According to different time attributes, the following four feature attributes are selected as inputs at the training stage: current time t (a total number of 1440 time slots, represented by 0 to 1439), indication of rush hour, holiday or working time.

In summary, through the correlation analysis, the data set with length q is divided into two parts: training dataset with length p and testing dataset with length q-p. The next step is to construct EVSCF models for ultra-short-term and one-day-ahead scales, as follows.
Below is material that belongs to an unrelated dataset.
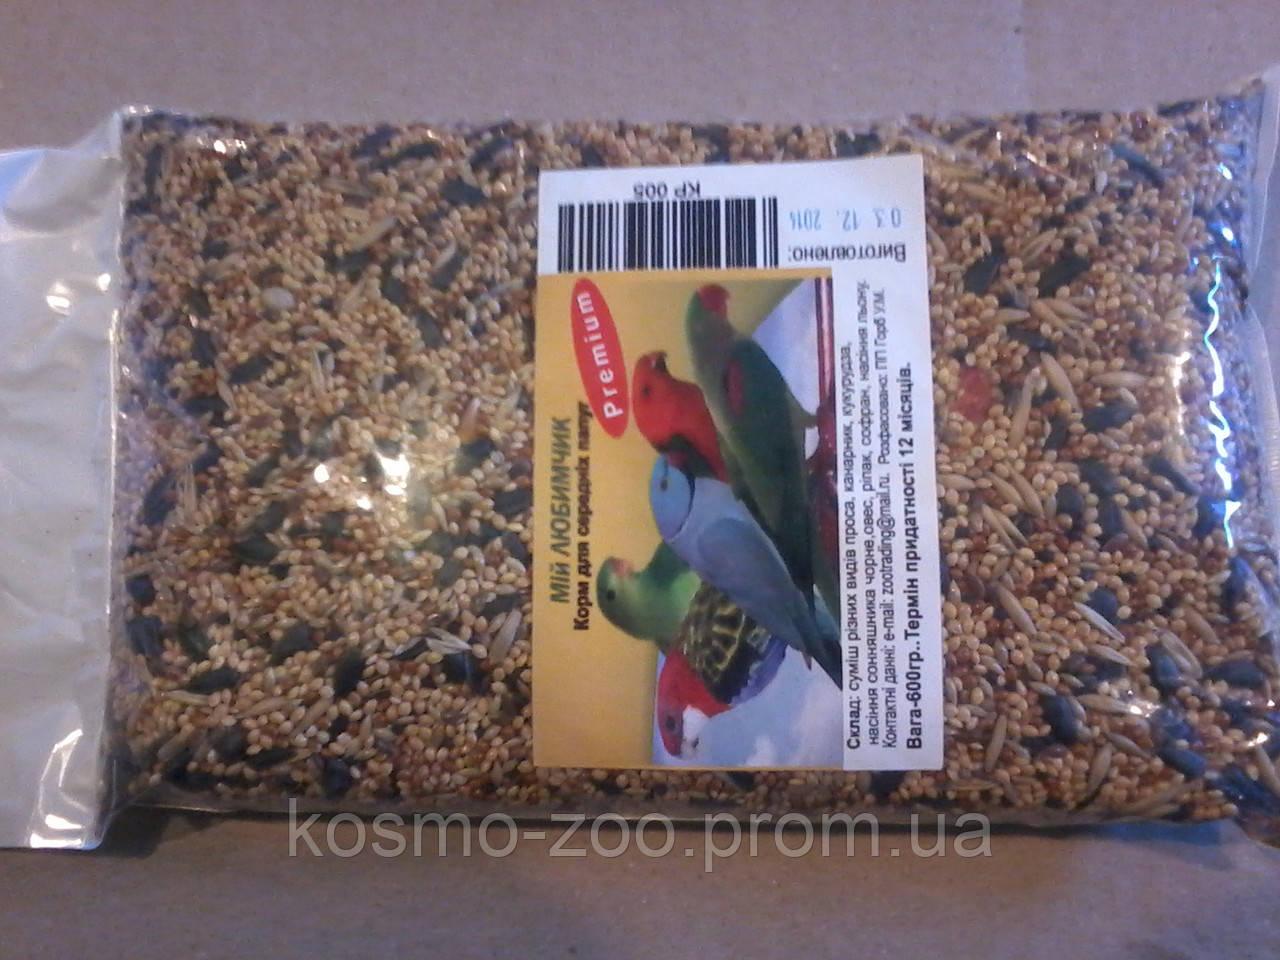 Корм для средних попугаев, Мой Любимчик Премиум, 600 гр

3.3.2 Ultra-short-term and one-day-ahead EVSCF models

Ultra-short-term and one-day-ahead EVSCF models with PGBDT proposed in this paper differentiate only in the time scales. Both are trained as follows:
  1. 1)

    Input training dataset A including the feature attributes and actual value of EVSC \(y_{t - p}\), \(A = \{ (y_{t - p} , \varvec{h}_{t - p} , \varvec{w}_{t - p} )\}_{t = 1}^{p}\) comprises 10 feature attributes of the training dataset with length p; \(\varvec{h}_{t - p} = [x_{t - p}^{1} , x_{t - p}^{2} , \ldots , x_{t - p}^{6} ]\) is a 6-dimensional vector with the historical data of EVSC; and \(\varvec{w}_{t - p} = [x_{t - p}^{7} , x_{t - p}^{8} , x_{t - p}^{9} , x_{t - p}^{10} ]\) is a 4-dimensional vector with the time attributes of EVSC.

  2. 2)

    Set the parameters of the PGBDT algorithm including the number of iterations I and maximum depth d.

  3. 3)
    Train the model represented by (21) by the training dataset A:
    $$y_{t - p} = f (\varvec{h}_{t - p} , \varvec{w}_{t - p} )$$
  4. 4)
    Substitute testing dataset B into the model, and obtain the predicted value of EVSCF \(y_{t}^{e}\) as (22):
    $$y_{t}^{e} = f (\varvec{h}_{t - p} , \varvec{w}_{t - p} )$$

    \(B = \{ (y_{t} , \varvec{h}_{t} , \varvec{w}_{t} )\}_{t = p + 1}^{q}\) has 10 feature attributes of the testing dataset with length q–p.


3.3.3 Evaluation indexes

In order to evaluate the performance of the proposed PGBDT algorithm for the ultra-short-term and one-day-ahead EVSCF models, the mean absolute percentage error (MAPE) and root mean square error (RMSE) are chosen as evaluation indexes. The expressions are shown in (23) and (24), respectively:
$$MAPE = \frac{1}{n}\sum\limits_{i = 1}^{n} {\left| {(y_{i} - y_{i}^{e} )/y_{i} } \right|} \times 100\%$$
$$RMSE = \sqrt {\frac{1}{n}\sum\limits_{i = 1}^{n} {\left[(y_{i} - y_{i}^{e} )/y_{i} \right]}^{2} } \times 100\%$$
where \(y_{i}\) and \(y_{i}^{e}\) are the actual and forecasted EVSC values, respectively. If \(y_{i}\) is 0, it is replaced with the historical average of EVSC. The smaller the value of MAPE, the more accurate the predicted value is. RMSE is sensitive to outliers and can amplify the prediction errors. It can be used to evaluate the stability of the algorithm.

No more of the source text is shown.